=== Exercise objective ===
Leave out the pictures and repeat the data exactly.

=== Provided data ===

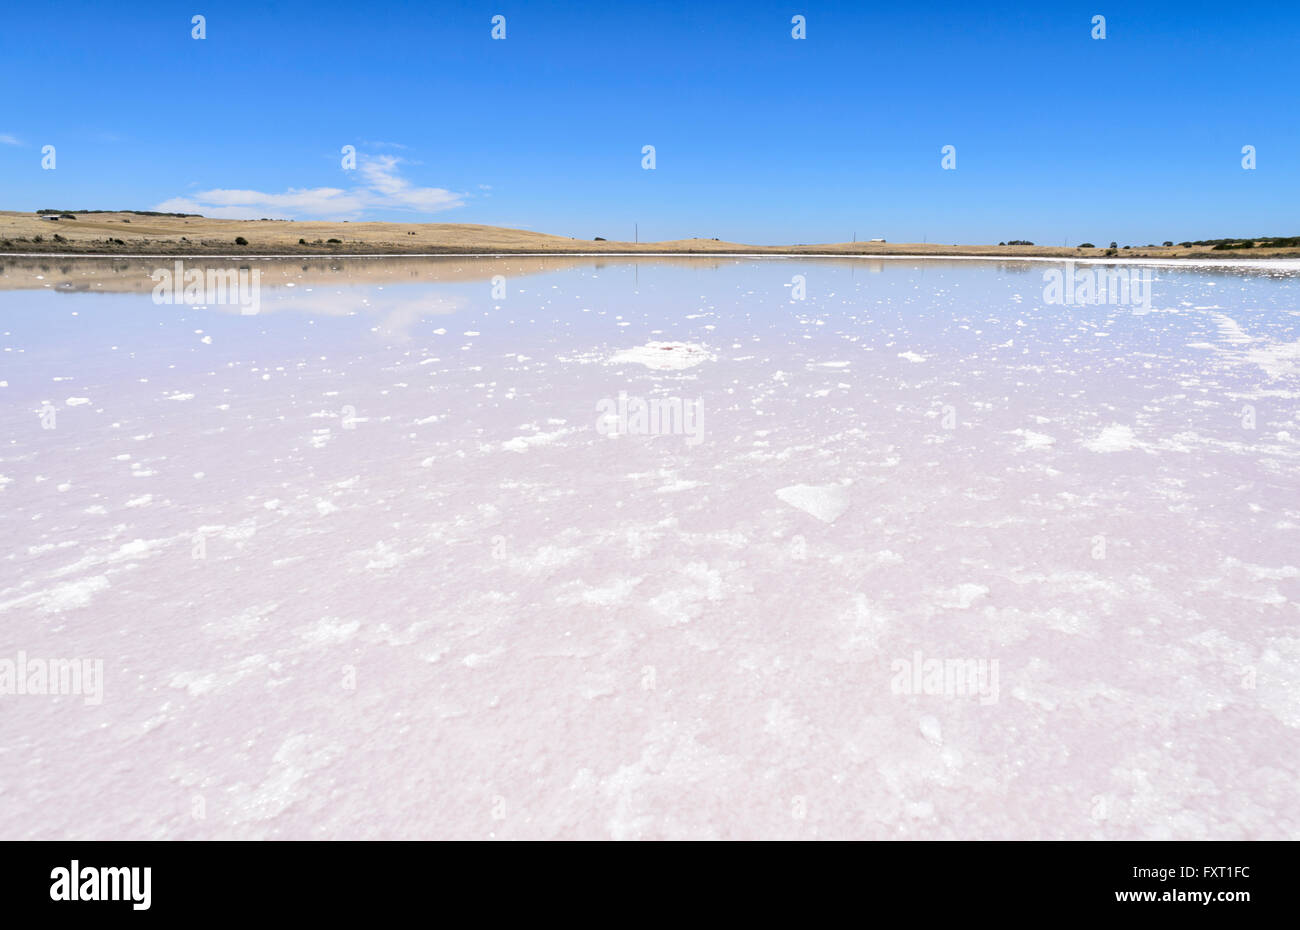 Saltpan near Parnka Point, the Coorong National Park, Fleurieu Peninsula, South Australia, SA, Australia Stock Photo
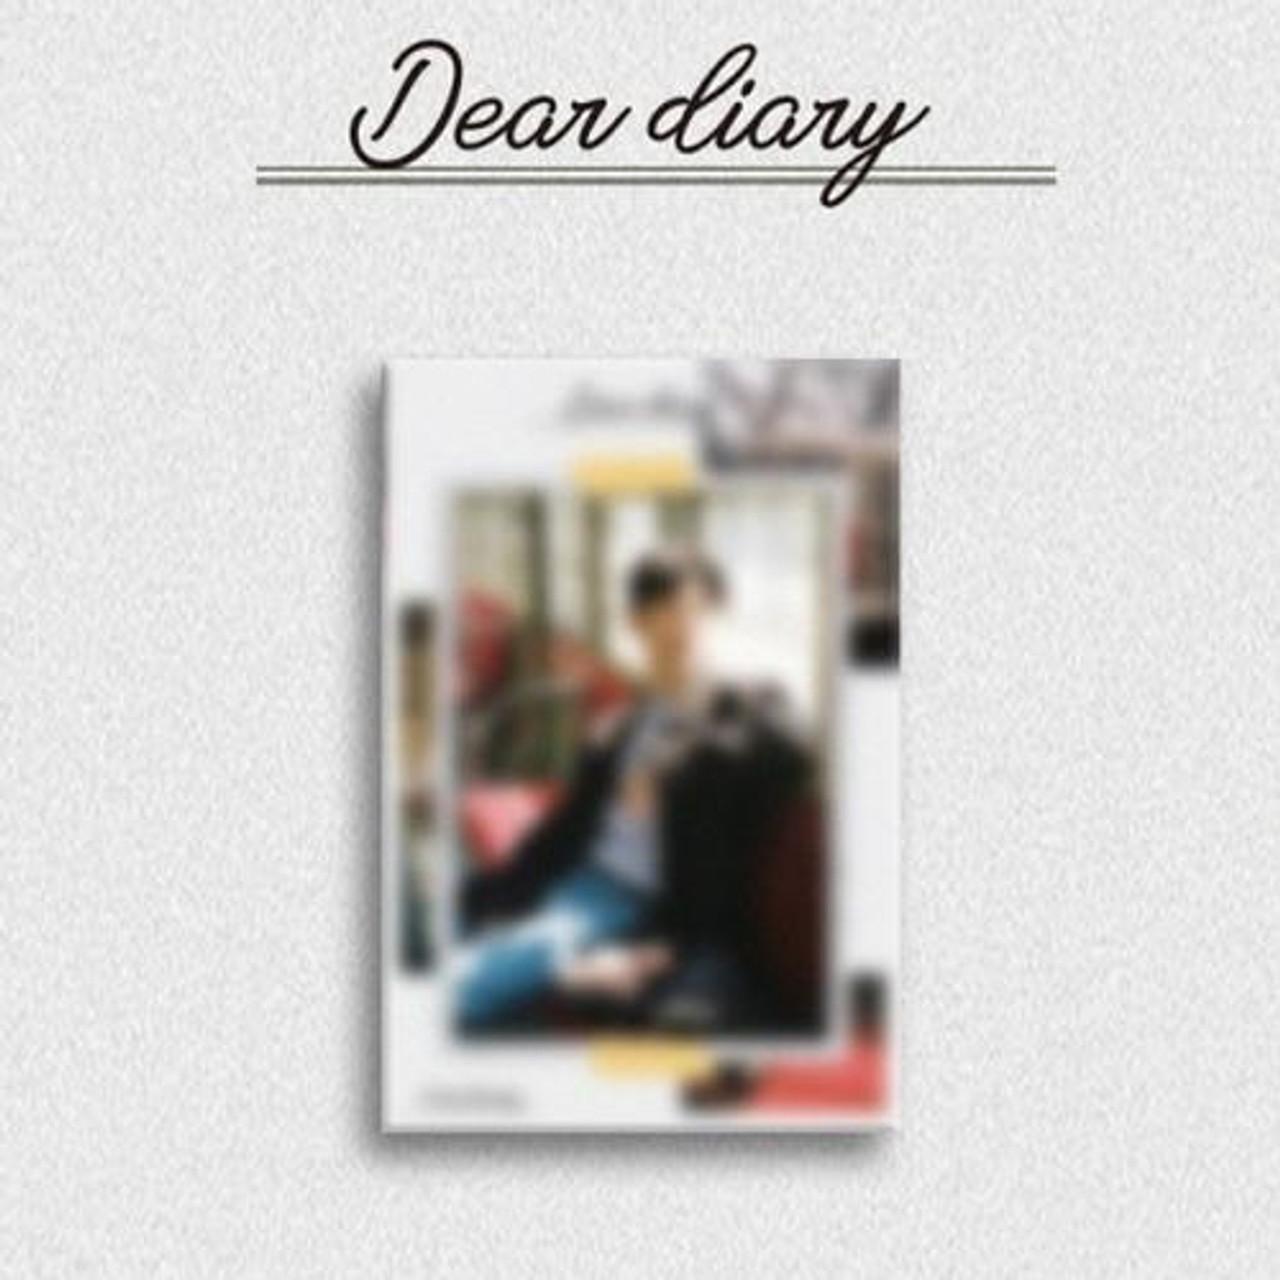 YOON JI SUNG - Special Album [Dear diary] (Kihno Album - DHL Shipping Only)
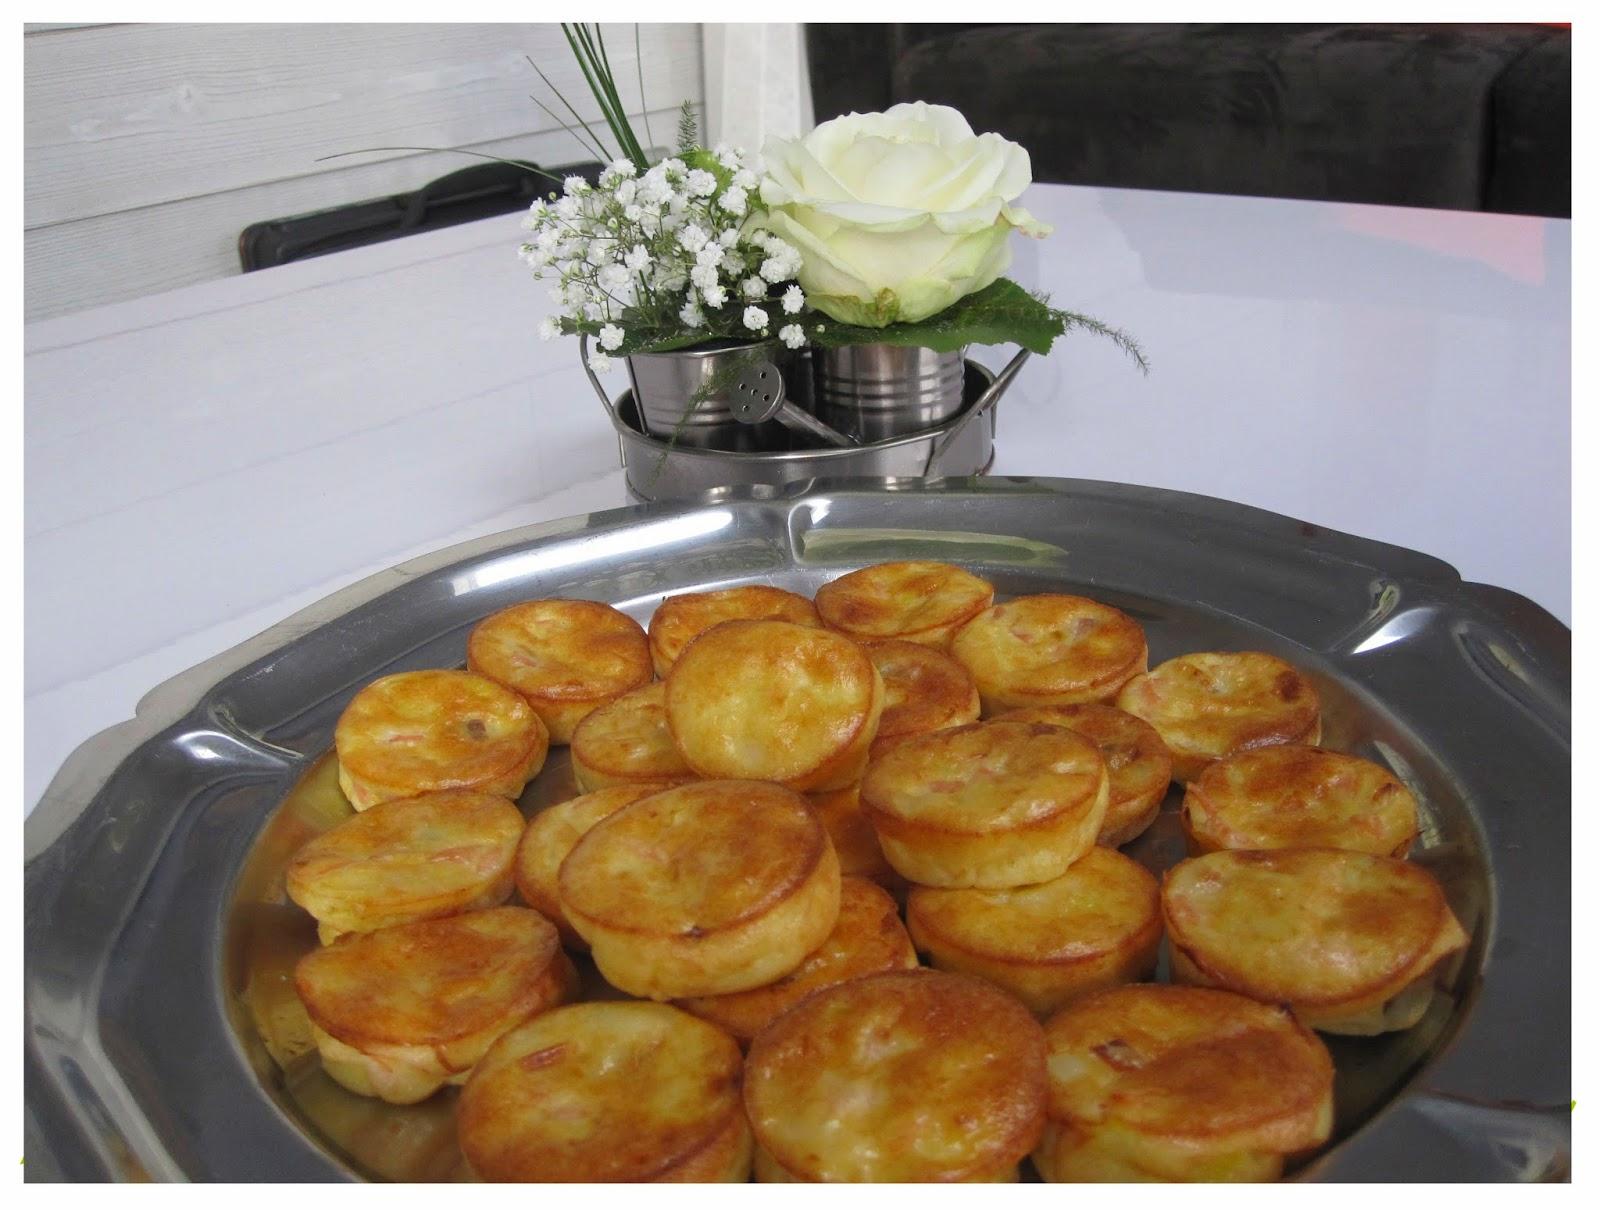 http://fleurdeseletcaramel.blogspot.fr/2013/01/bouchees-aperitives-saumon-fume-poireaux.html

=== Solved problem ===
 Saltpan near Parnka Point, the Coorong National Park, Fleurieu Peninsula, South Australia, SA, Australia Stock Photo
 YOON JI SUNG - Special Album [Dear diary] (Kihno Album - DHL Shipping Only)
 http://fleurdeseletcaramel.blogspot.fr/2013/01/bouchees-aperitives-saumon-fume-poireaux.html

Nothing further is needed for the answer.